Qual é o impacto das cotas raciais no funcionalismo público?
Sancionada em 2014, a Lei n.º 12.990 vigorou por 10 anos, destinando 20% das vagas em concursos públicos para pretos e pardos, quando há um mínimo de três posições disponíveis para um mesmo cargo. A lei perderia sua validade em 10 de junho deste ano, mas o Supremo Tribunal Federal (STF) determinou a ampliação da vigência da legislação até que seja concluído no Congresso o processo de votação da nova legislação.
Pela decisão do Supremo, fica afastada “a interpretação que extinga abruptamente as cotas raciais previstas na Lei 12.990/2014”, mas depois que uma nova norma for aprovada “prevalecerá a nova deliberação do Poder Legislativo, sendo reavaliado o conteúdo da presente decisão cautelar”.
Em tramitação na Câmara, o Projeto de Lei 1958/2021 renova cotas para pretos e pardos, inclui indígenas e quilombolas, e amplia de 20% para 30% o percentual de vagas destinadas a cotas raciais. A proposta estabelece também mecanismos para refrear eventuais tentativas de burlar às ações afirmativas verificadas ao longo de dez anos de vigência da Lei de Cotas, em especial nas universidades federais, com o fracionamento de vagas.

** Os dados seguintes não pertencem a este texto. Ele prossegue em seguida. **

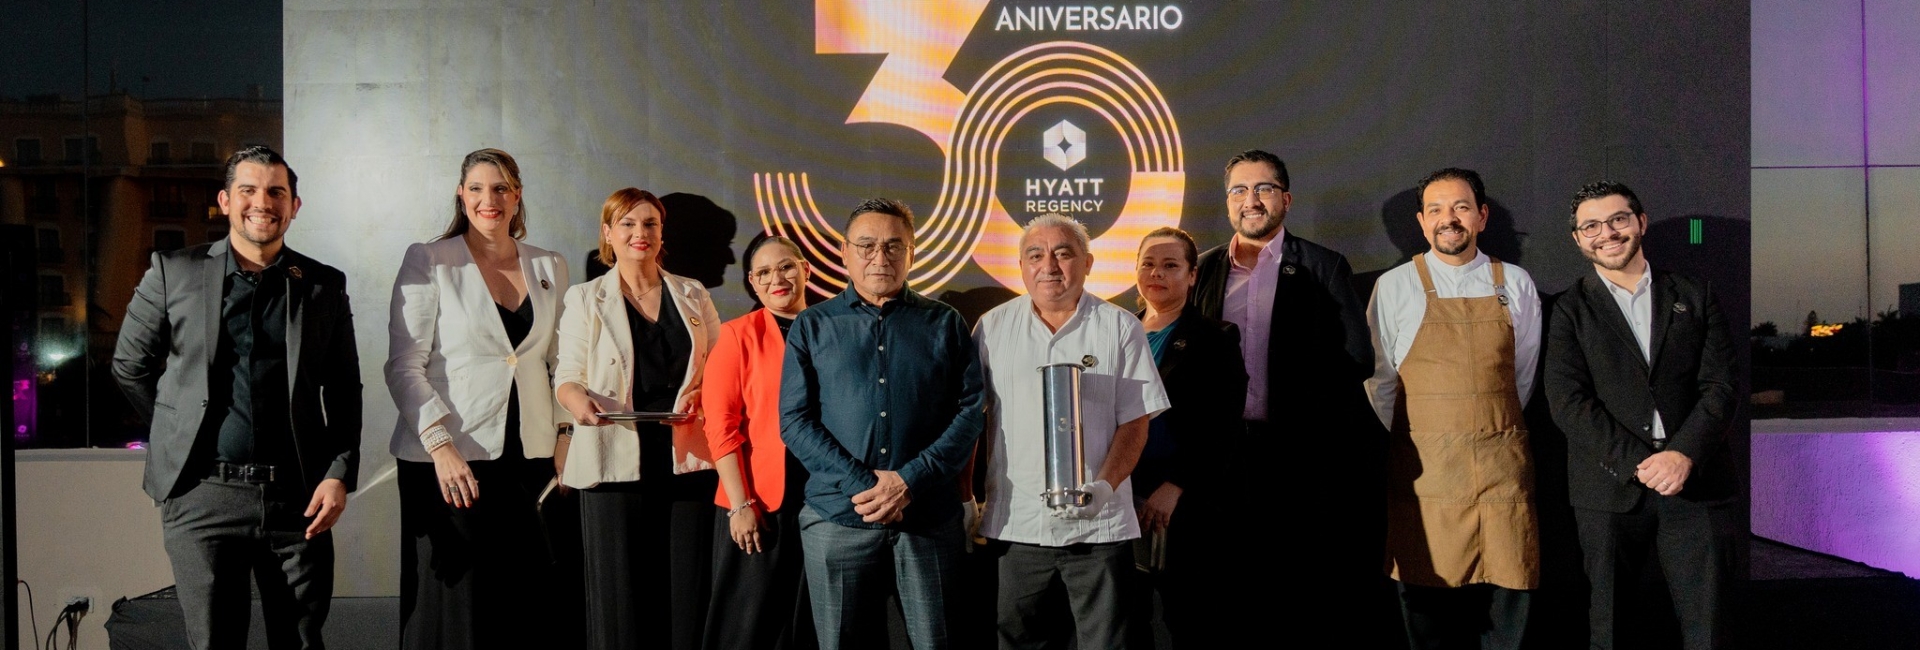 Celebremos Juntos 30 Años de Historia: Eventos Especiales para Nuestro Aniversario

Diversidade no serviço público: avanços e o que ainda precisa mudar
O impacto das cotas tem sido significativo, permitindo a entrada de mais pessoas negras no setor público, mas a efetividade dessa política depende, por exemplo, da realização de concursos regulares. Em 2013, a administração pública federal possuía 37,3% vínculos ativos (219.496) de pessoas que se autodeclararam como negras, segundo dados do Painel Estatístico de Pessoal (PEP). Dados de fevereiro de 2024 demonstram que esse número agora é de 39,9% (227.776). “Se não tem concurso, você não consegue aplicar a lei. E teve poucos concursos no período”, ressalta Vanessa Campagnac. A redução de seleções nos últimos anos limita a renovação do quadro funcional e a ampliação da diversidade.
O futuro das cotas raciais: o que esperar da votação no Congresso?
Aprovada em maio no Senado, a renovação da Lei de Cotas Raciais em concursos públicos foi também aprovada pela Câmara dos Deputados na véspera do Dia da Consciência Negra (19 de novembro). Contudo, o texto sofreu alterações: o prazo de revisão da lei foi reduzido de dez para cinco anos, e as bancas de heteroidentificação, responsáveis por confirmar a autodeclaração racial dos cotistas, foram retiradas. Com essas mudanças, a proposta retornará ao Senado para nova análise.